Legislative Approaches to Curbing Drug Costs Targeted at PBMs: 2017-2021

June 14, 2021/by Sarah Lanford and Jennifer Reck

As states seek solutions to rising prescription drug costs, lawmakers have frequently
targeted pharmacy benefit managers (PBMs) as one of the entities along the drug supply chain contributing to higher costs. Since 2017, states have enacted more than 100 laws to address ways PBMs contribute to higher drug costs. These laws achieve a range of outcomes, including the following:

Ensuring consumers are not paying more than necessary at the point of sale. Research indicates that 23 percent of the time, consumers’ copayments are more than the cost of their prescription drugs, so opting not to use their health insurance to purchase some prescription drugs saves them money. State laws have helped ensure that pharmacists inform consumers that they can opt out of insurance and save money.
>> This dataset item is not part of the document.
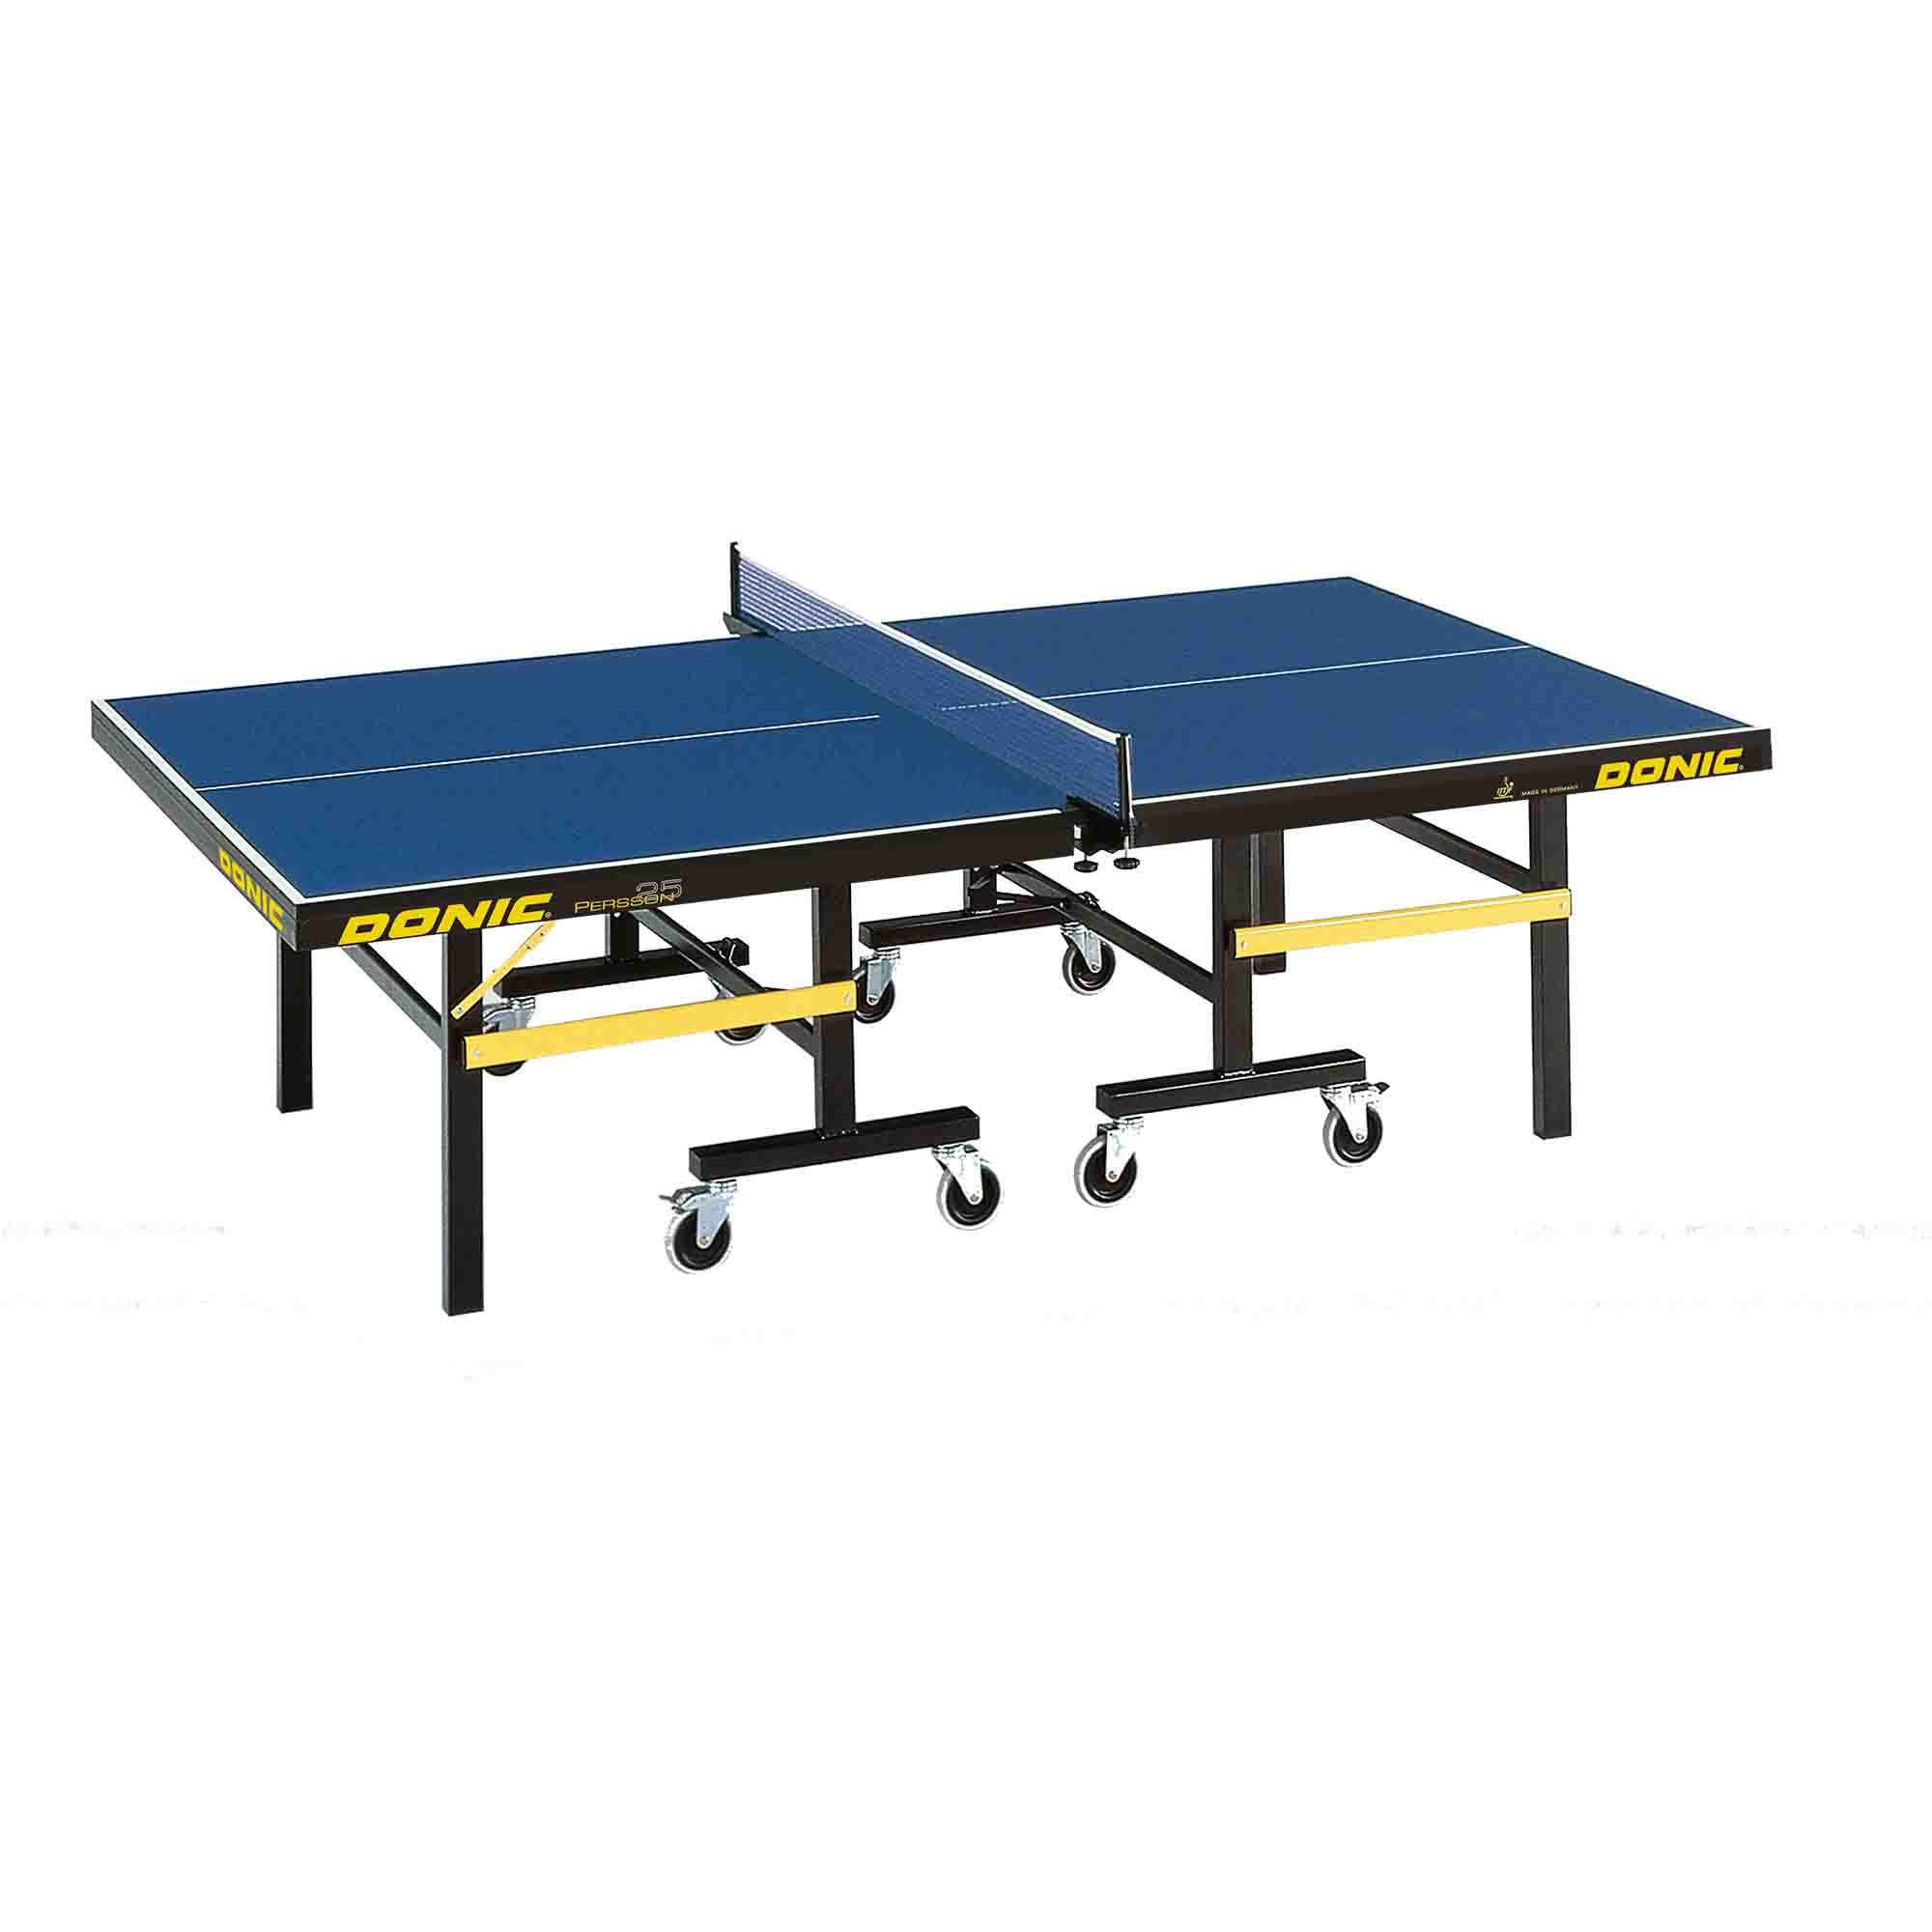 Donic Table Persson 25 blue

Increasing transparency to understand the extent to which PBMs retain rebates they negotiate with manufacturers as profit versus passing them through to health plans to lower costs. The secrecy surrounding discounts and rebates can otherwise make this important information impossible to determine.

Preventing excessive drug spend caused by PBM “spread pricing.” Recent reports from a handful of states showed that PBMs serving Medicaid managed care organizations (MCOs) make significant revenue from spread pricing – the practice whereby a PBM pays a pharmacy a lower amount for a prescription drug and then claims a higher price for reimbursement from the health plan it serves.

Guaranteeing pharmacies are adequately reimbursed. Some PBMs reimburse pharmacies for drugs at a rate lower than a pharmacy’s acquisition cost but will claim a higher reimbursement from health plans. This practice is particularly harmful to independent pharmacies that are not affiliated with PBMs. State laws have put various provisions in place to protect pharmacies from losing money to supply prescriptions.

There have been several overlapping waves of PBM legislation in the last five years: the first wave predominantly addressed licensure, transparency, and ways to protect consumer savings at the point of sale. The second wave focused on ensuring adequate reimbursement for pharmacies and cost-effective contracting with PBMs. Indicators of a third wave of legislation focused on giving pharmacies more discretion when dispensing prescriptions and extending existing regulations to PBMs that contract with self-funded plans have emerged following the Supreme Court’s December 2020 decision in Rutledge v. Pharmaceutical Care Management Association (PCMA).  

The two bar graphs show the total number of enacted PBM laws by provision and year. Depending on their goal, states may consider legislation with a single provision or any combination of provisions. However, it is worth noting that while this blog focuses on PBM legislation, PBMs are only one of several points along the supply chain in need of attention to rein in drug costs. Other measures outside the scope of this blog that look upstream at manufacturer list prices are also necessary for a more comprehensive solution. 

First Wave: Increasing Oversight of PBMs and Protecting Consumers at the Point of Sale 

The three largest PBMs control more than 70 percent of the market, and their negotiations with manufacturers for rebates are conducted in secret and are often not disclosed – even to the health plans that contract for their services. As PBMs grew in market dominance over the past decade, states began to take steps to regulate PBMs via licensure and transparency requirements. States also enacted some initial consumer protections to ban gag clauses. Key provisions in the first wave of PBM legislation included: 

Licensure/Registration: Licensure allows states to know how many and which entities are doing business as PBMs and gives a regulatory agency the ability to monitor and regulate their business practices. For example, Maine law enacted in 2019 requires PBMs to obtain a license before operating in the state. The law leverages the regulatory authority of its insurance department to enforce oversight by tasking insurers with the responsibility of monitoring PBMs. This is a common first step for states regulating PBMs – since 2017, states have passed 26 laws requiring PBMs to either obtain a license from or register with a state agency.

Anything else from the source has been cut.